Clinical Characteristics in Patients with LVT who received triple anticoagulation (Rivaroxaban/Warfarin )
Characteristics	Warfarin	Rivaroxaban	p Value
Characteristics	(n = 31)	(n = 33)
Baseline characteristics
Male,n(%)	23(74.2)	24(72.7)	0.894
Age,yrs	61.3 ± 9.0	60.3 ± 14.7	0.730
Hypertension,n(%)	11(33.5)	23(69.7)	0.006
Diabetes mellitus,n(%)	5(16.1)	10(30.3)	0.181
Current smoker,n(%)	17(54.8)	11(33.3)	0.083
Blood examinations on admission
WBC (×10⁹)	11.0(8.0–13.0)	11.4(8.4–14.0)	0.914
Platelets(×10⁹)	229.0(154.0-304.0)	258.0(193.5-307.5)	0.405
MPV (fl)	10.0(9.0–11.0)	9.6(9.0-10.7)	0.416
Fibrinogen (mg/dl)	4.0(3.0–6.0)	4.0(3.0–4.0)	0.213
Echocardiography
LVEF,%	41.4 ± 10.8	42.9 ± 13.1	0.614
LVEDD (mm)	52.5 ± 6.5	51.1 ± 7.4	0.437
LV aneurysm,n(%)	11(35.5)	4(12.1)	0.027
Procedural characteristics
Symptom to balloon time ≥ 12h	12(38.7)	15(45.5)	0.585
Multivessel disease,n(%)	3(9.7)	1(3.0)	0.272
Post-PCI TIMI flow grade ≤ 2,n(%)	2(6.5)	3(9.1)	0.694
WBC:white blood cell count; MPV:mean platelet volume; LVEF:left ventricular ejection fraction; LVEDD:left ventricular end-diastolic dimension; LV aneurysmn:left ventricular aneurysm; TIMI:thrombolysis in myocardial infarction; PCI:percutaneous coronary intervention;

Clinical results

26 patients (78.8%) in the rivaroxaban group and 23 patients (74.2%) in the VKA had resolution of LVT over the follow-up up period(Table 3).
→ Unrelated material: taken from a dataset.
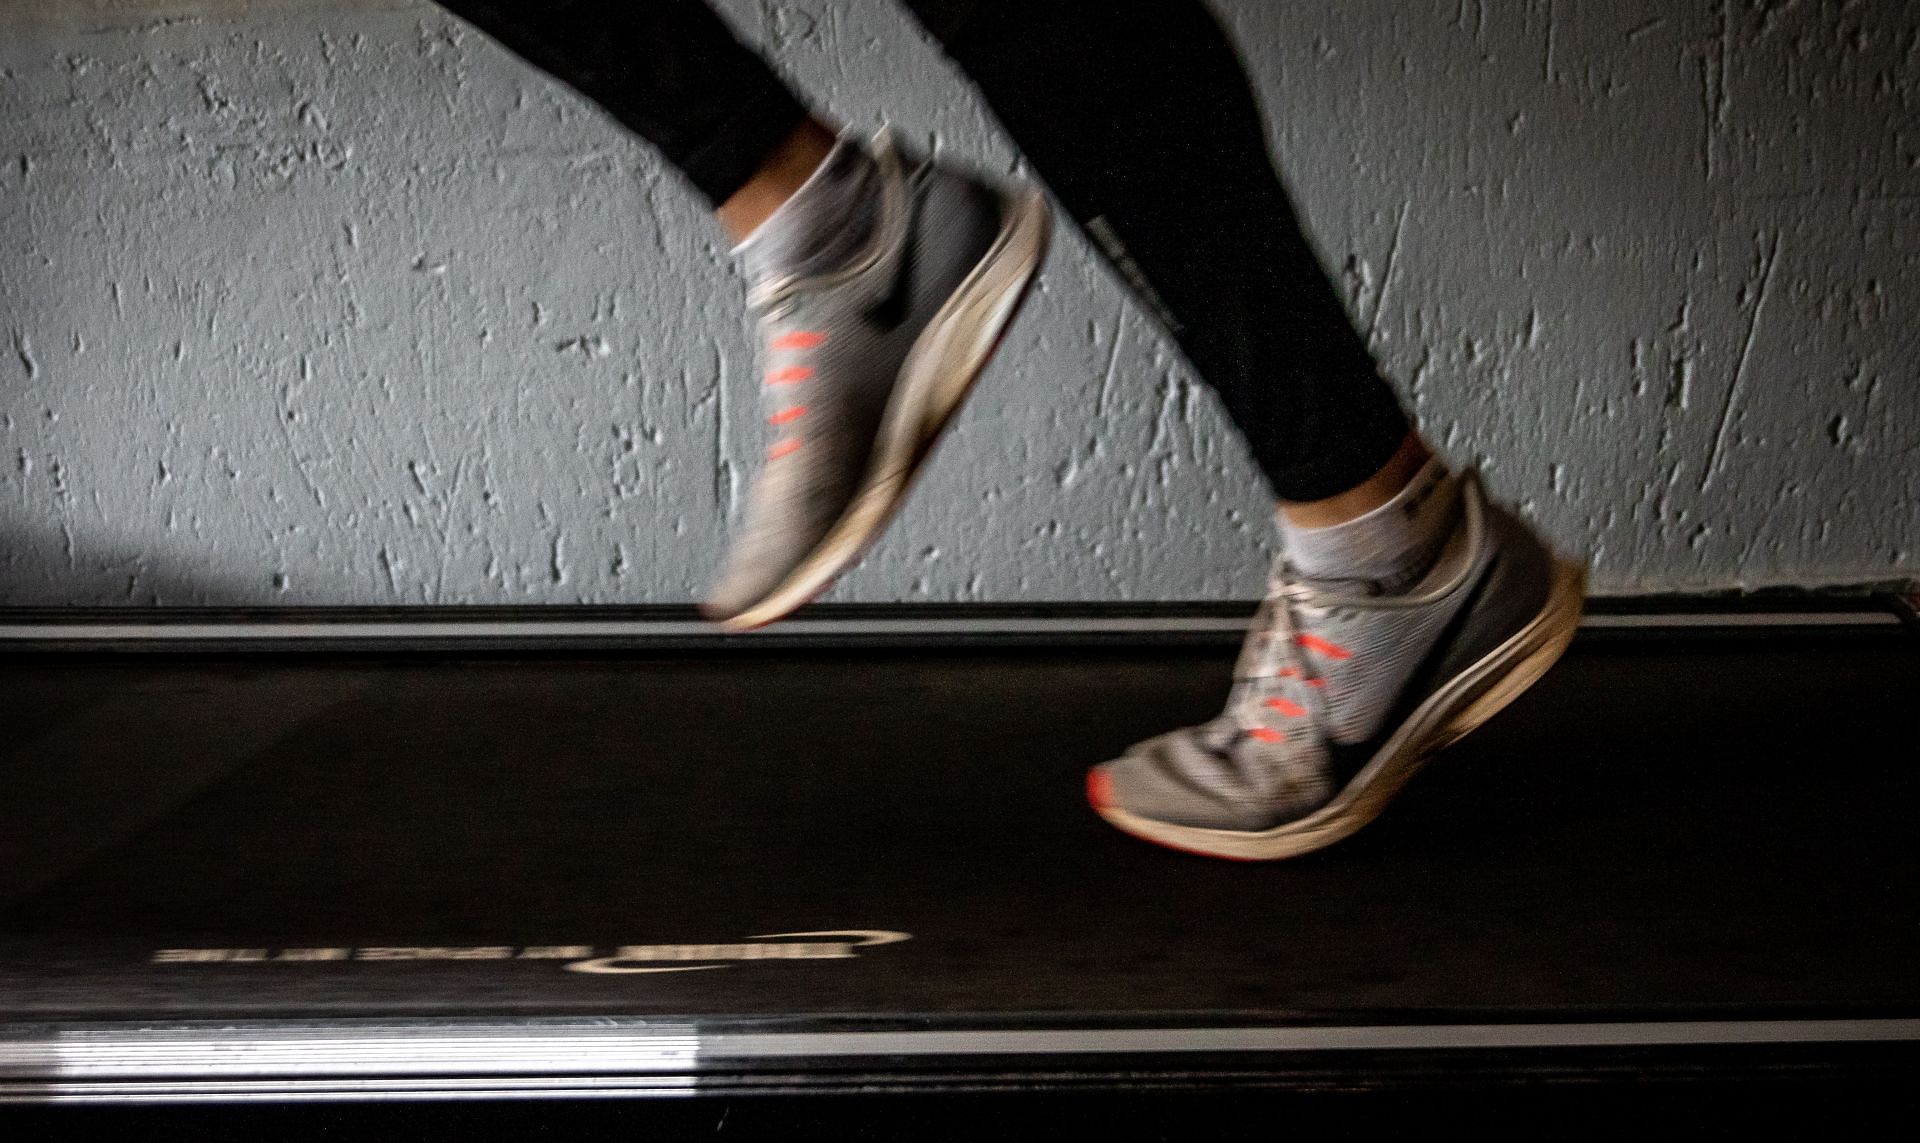 An ideal workout equipment if you like to jog or run. (Image by Magda Ehlers / Pexels)

There was a consistent similarity in LVT resolution with rivaroxaban application compared to VKA application during the follow-up period(Fig. 2; Table 3). When the analysis focused on LVT resolution at different time points during the follow-up period, triple therapy with rivaroxaban showed quicker resolution than with VKA(6months:p = 0.049;12months:p = 0.044; 18months:p = 0.045)(Fig. 3).

Table 3

Clinical Outcomes during the follow-up period
Outcomes	Warfarin	Rivaroxaban	Adjusted HR(95%CI)	p Value
	(n = 31)	(n = 33)
LVT resolution,n(%)	23(74.2)	26(78.8)	1.70(0.90–3.22)	0.104
NACE,n(%)	18(58.1)	8(24.2)	0.23(0.09–0.57)	0.001
SE,n(%)	4(12.9)	1(3.0)	0.29(0.02–3.13)	0.305
Rehospitalization for cardiovascular events,n(%)	12(38.7)	7(21.2)	0.28(0.09–0.83)	0.022
All-cause mortality	4(12.9)	1(3.0)	0.226(0.02–2.62)	0.234
Bleeding events,n(%)	3(9.7)	2(6.1)	0.48(0.73–3.20)	0.444
Major bleeding,n(%)	1(3.2)	0	-	-
Minor bleeding,n(%)	2(6.4)	2(6.0)	-	-
LVT:left ventricular thrombus; NACE:net adverse clinical events, consisting of all-cause mortality, SE rehospitalization for cardiovascular events, bleeding; SE: systemic embolism;

With respect to NACE, rates of NACE were high in LVT patients(45.4%). NACE rates differed significantly between the two triple therapy groups (VKA 58.1% vs Rivaroxaban 24.2% ) over the follow-up period(Fig. 4; Table 3). Triple therapy with VKA had a higher rehospitalization rate due to cardiovascular events(38.7%vs21.2%,p = 0.022). The rates of systemic embolism(SE) were lower in triple therapy with rivaroxaban (3.0% vs 12.9%), but it was not statistically significant(Table 3). No systemic embolic events occurred in patients within the time of triple therapy with rivaroxaban, with 2 events occurring in patients on VKA. When not in the triple therapy period, 1 event occurred in the rivaroxaban group and 2 events occurred in the VKA group. Meanwhile, similar risks of ISTH bleeding were recorded in both groups, with no difference between the two groups(Rivaroxaban 6.1% vs VKA 9.7%,p = 0.444). These events included gastrointestinal bleeding (n = 1, VKA group), and gingival bleeding (n = 4; VKA group, 2; Rivaroxaban group,2). All bleeding events occurred within the time of triple therapy. No major bleeding events were seen in the rivaroxaban triple treatment group.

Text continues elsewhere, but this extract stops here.